Solution Approach 2:
The patent performs preliminary classification and prioritization of fragment ions before final thresholding decisions are made. By pre-identifying ions that are likely to contain structural information based on mass-to-charge ratio patterns and intensity distributions, the system prepares the data in advance to guide subsequent thresholding, preventing loss of critical structural information.
3Measurement precision
If high skill and prior knowledge are required for fragment ion analysis, then analysis accuracy improves, but accessibility and ease of use deteriorate
Solution Approach 1:
The patent implements self-service functionality where the system automatically performs structural interpretation and mechanism determination without requiring extensive user expertise. The software autonomously analyzes fragment ion patterns, identifies structural motifs, and proposes fragmentation mechanisms, allowing users with minimal training to achieve accurate structural analysis.
Solution Approach 2:
The patent introduces an intelligent software intermediary that translates complex fragment ion data into interpretable structural information. This intermediary layer processes the raw spectral data, applies chemical knowledge rules, and presents results in an user-friendly format, bridging the gap between complex analytical data and user comprehension without requiring users to possess deep expert knowledge.
Data Source
AI summary
Correlated fragment ions of a molecule are grouped using mass spectrometry with ramps in collision energy (CE). A known molecule is fragmented and analyzed at a plurality of different collision energies using a mass spectrometer. A plurality of variables for a plurality of fragment ions are produced.

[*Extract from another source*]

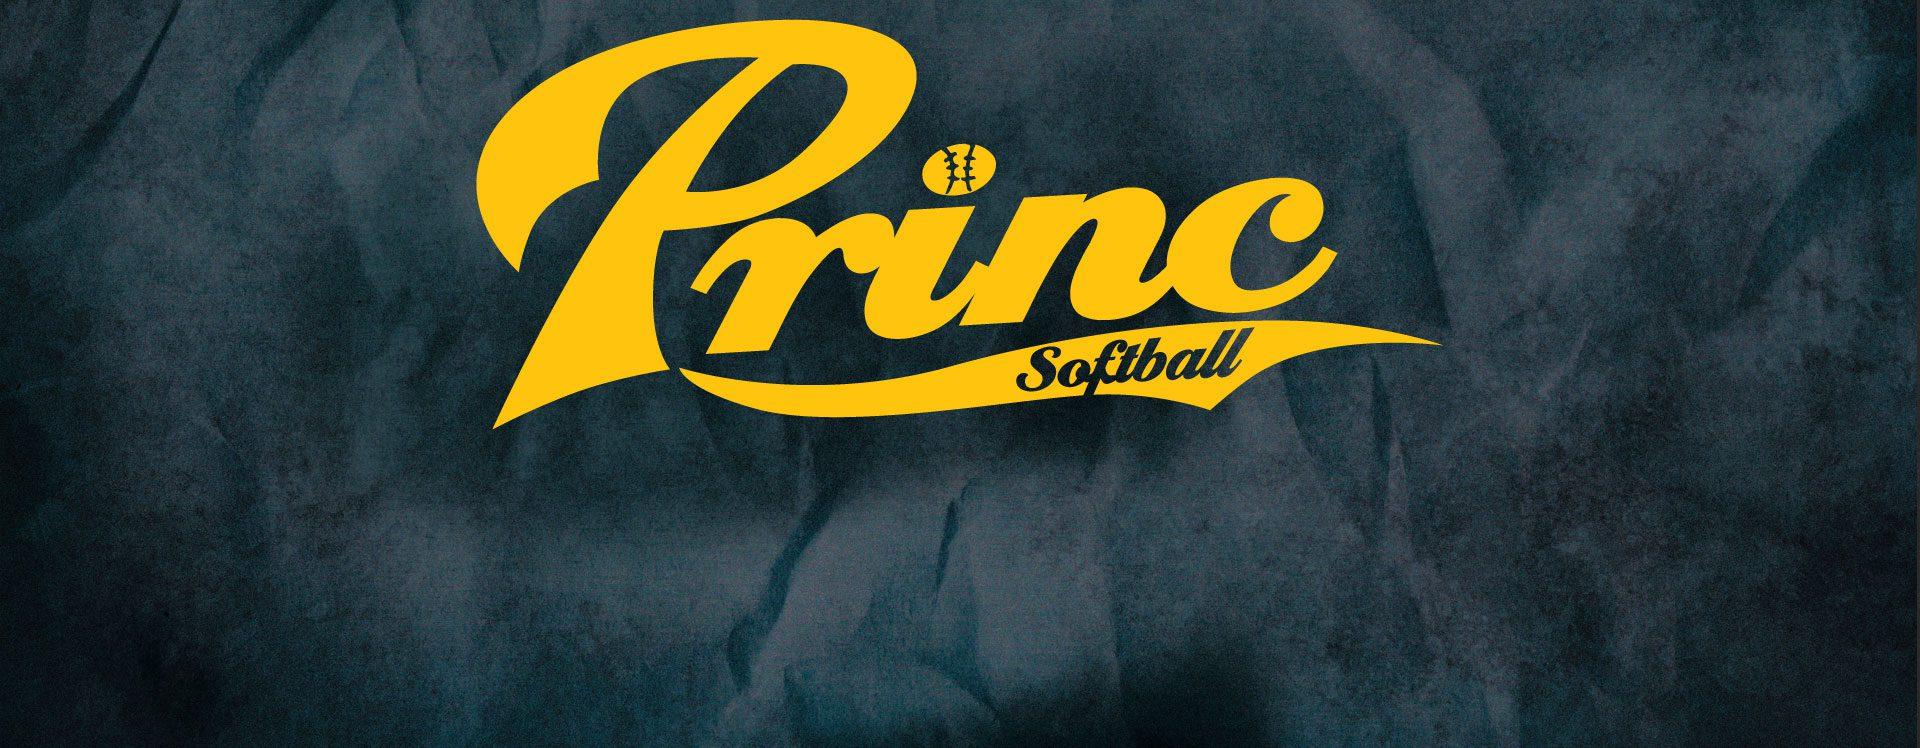 02slider-pozadina-softball-klub-princ-prvaci

Principal component analysis is performed on the plurality of variables. A number of principal components produced by the principal component analysis is selected. A subset principal component space is created having the number of principal components. A variable in the subset principal component space is selected. A spatial angle is defined around a vector extending from an origin to the variable. A set of one or more variables within the spatial angle of the vector is selected. The set is assigned to a group, if the set includes a minimum number of variables.